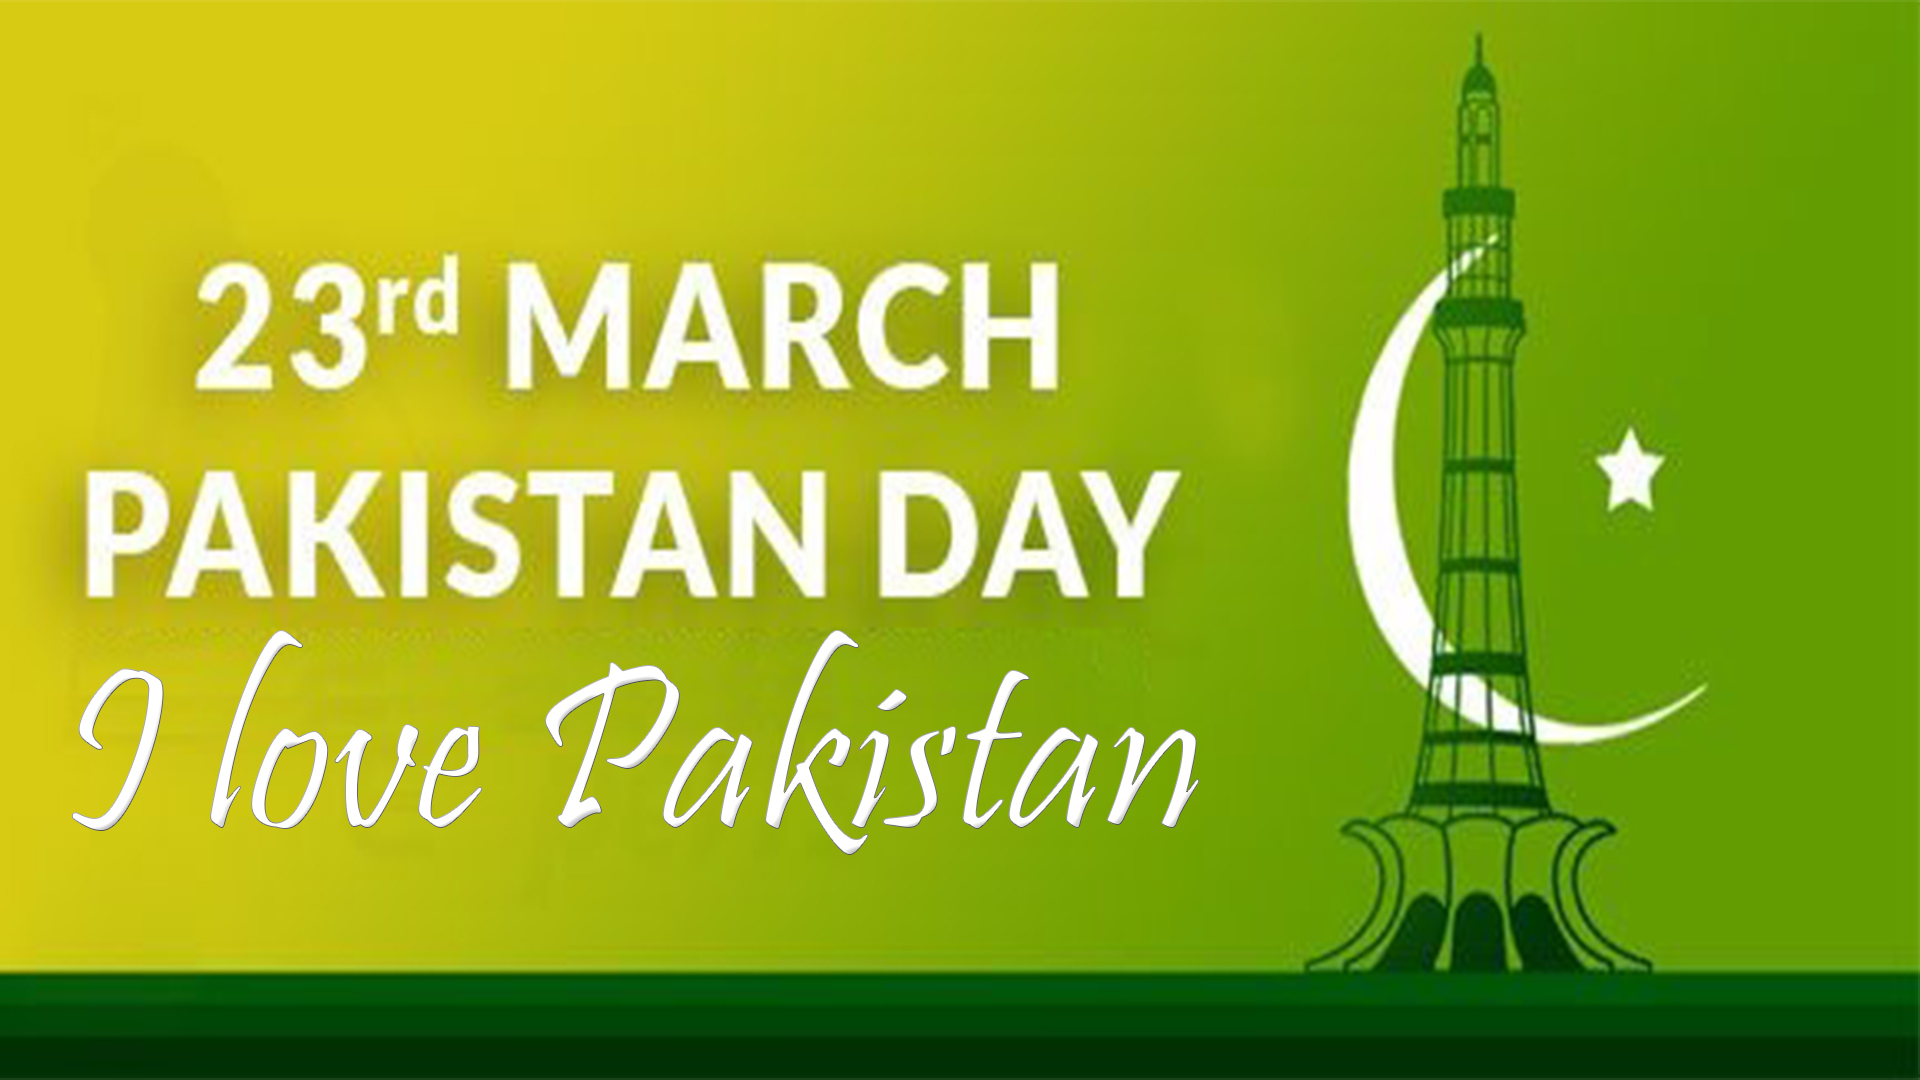 pakistan resolution day image
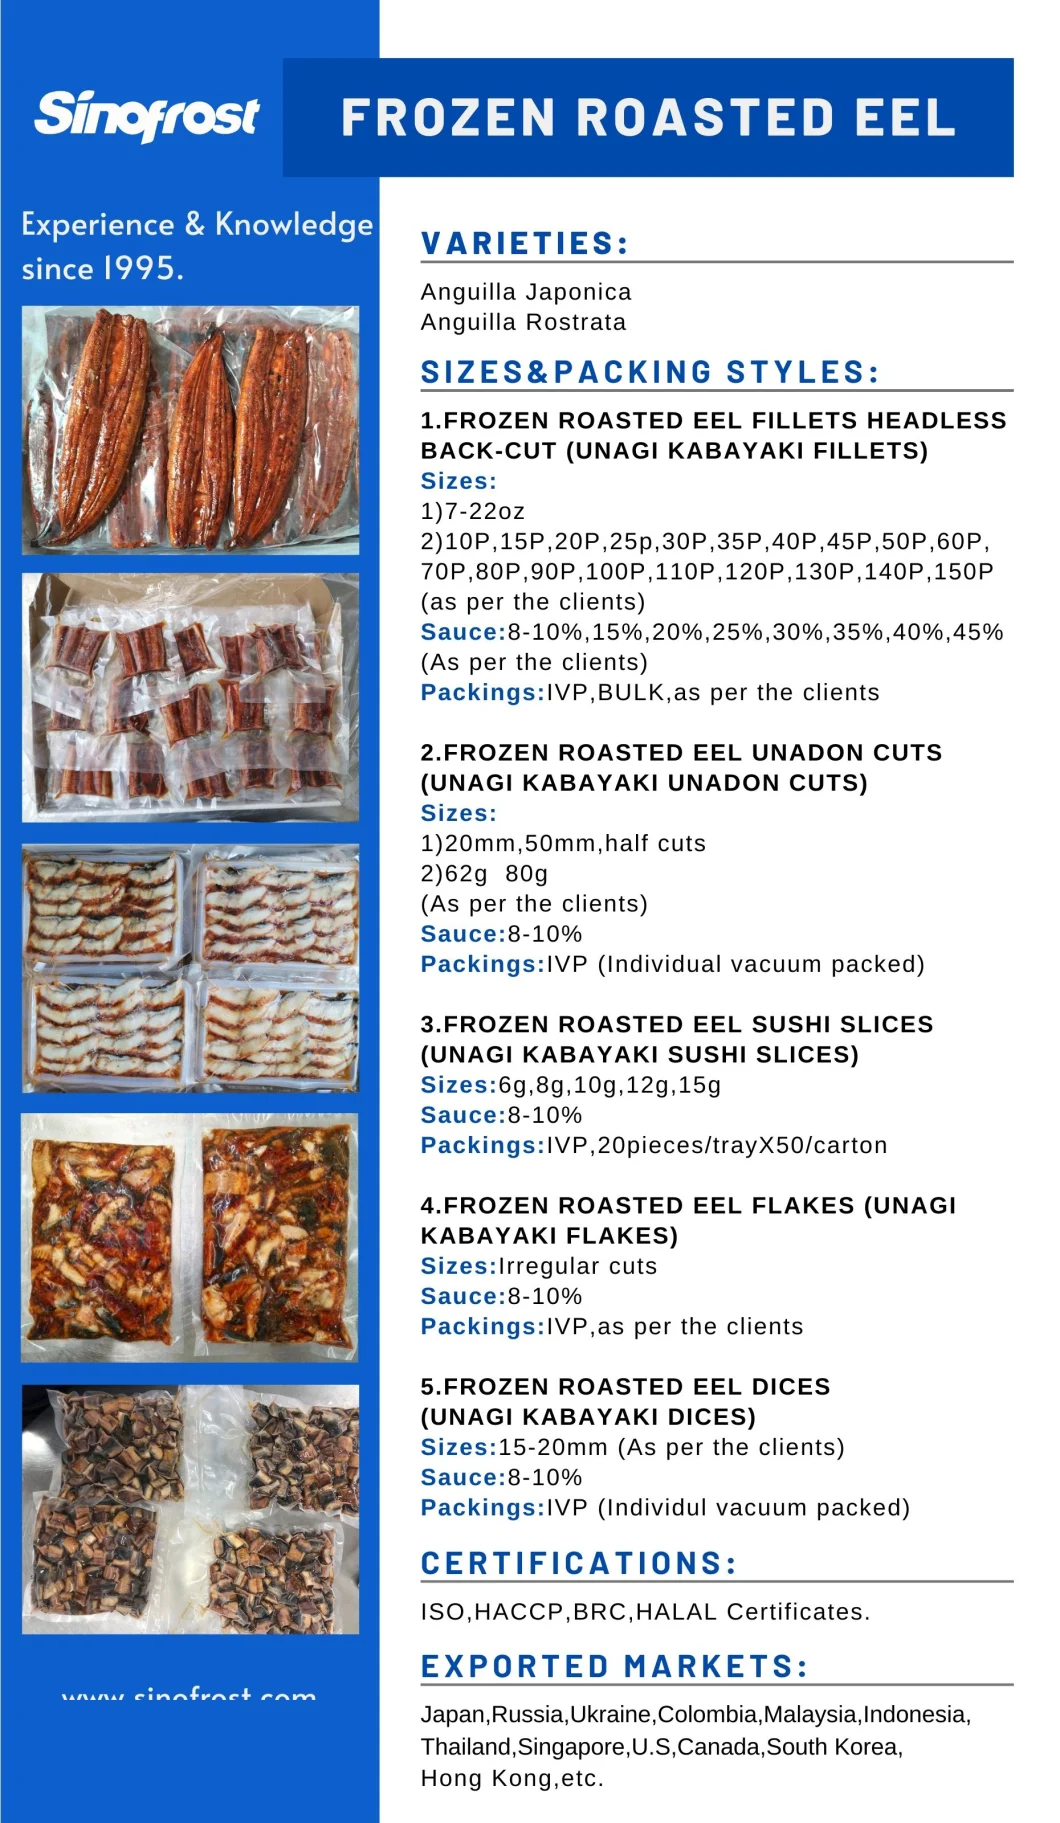 Unagi Kabayaki,Unagi Cuts,Unadon Cuts,Unagi Sushi Slices,Unagi Dices,Unagi Flakes,Frozen Roasted Eel,Frozen Broiled Eel,Frozen Prepared Eel,Packed in Bulk/Ivp
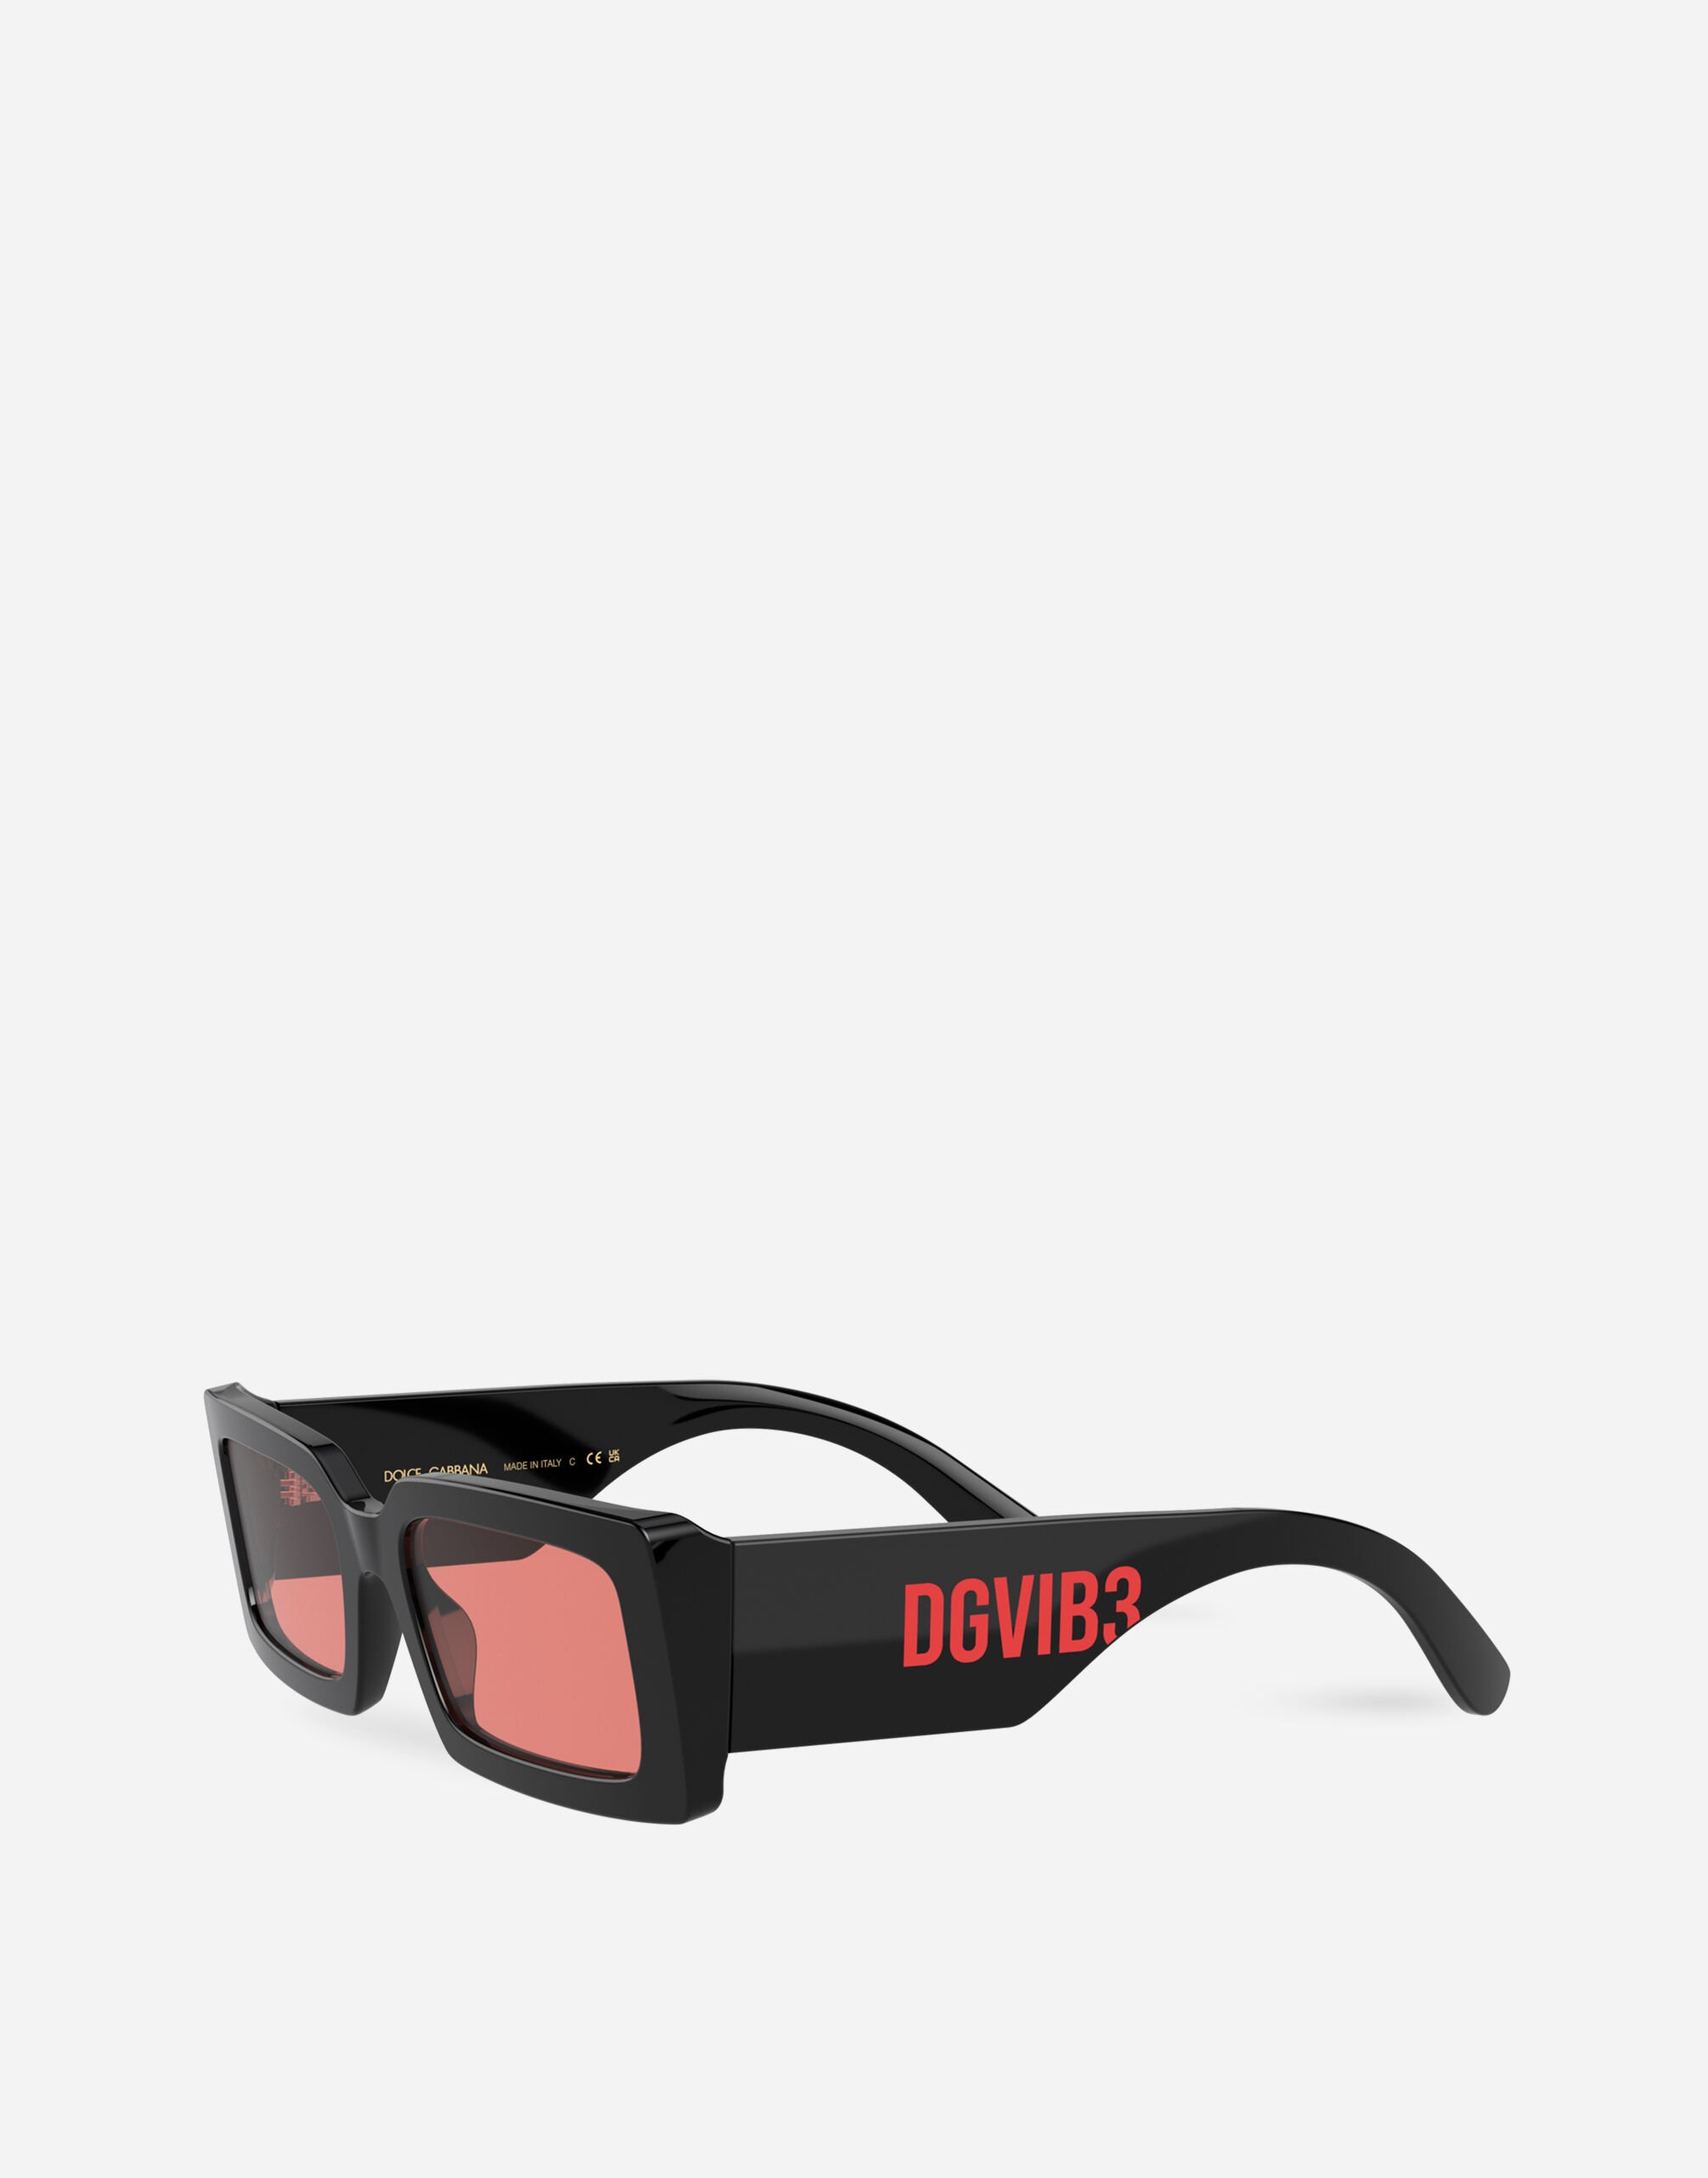 Dolce & Gabbana DG VIB3 Sunglasses Black F9R72ZGH095

■ ■ ■ ■

--- EXERCISE INSTRUCTIONS ---
If you see a picture in the listing, skip it while copying everything else exactly.

--- RESPONSE ---
 pakistan resolution day image
 Unagi Kabayaki,Unagi Cuts,Unadon Cuts,Unagi Sushi Slices,Unagi Dices,Unagi Flakes,Frozen Roasted Eel,Frozen Broiled Eel,Frozen Prepared Eel,Packed in Bulk/Ivp
 Dolce & Gabbana DG VIB3 Sunglasses Black F9R72ZGH095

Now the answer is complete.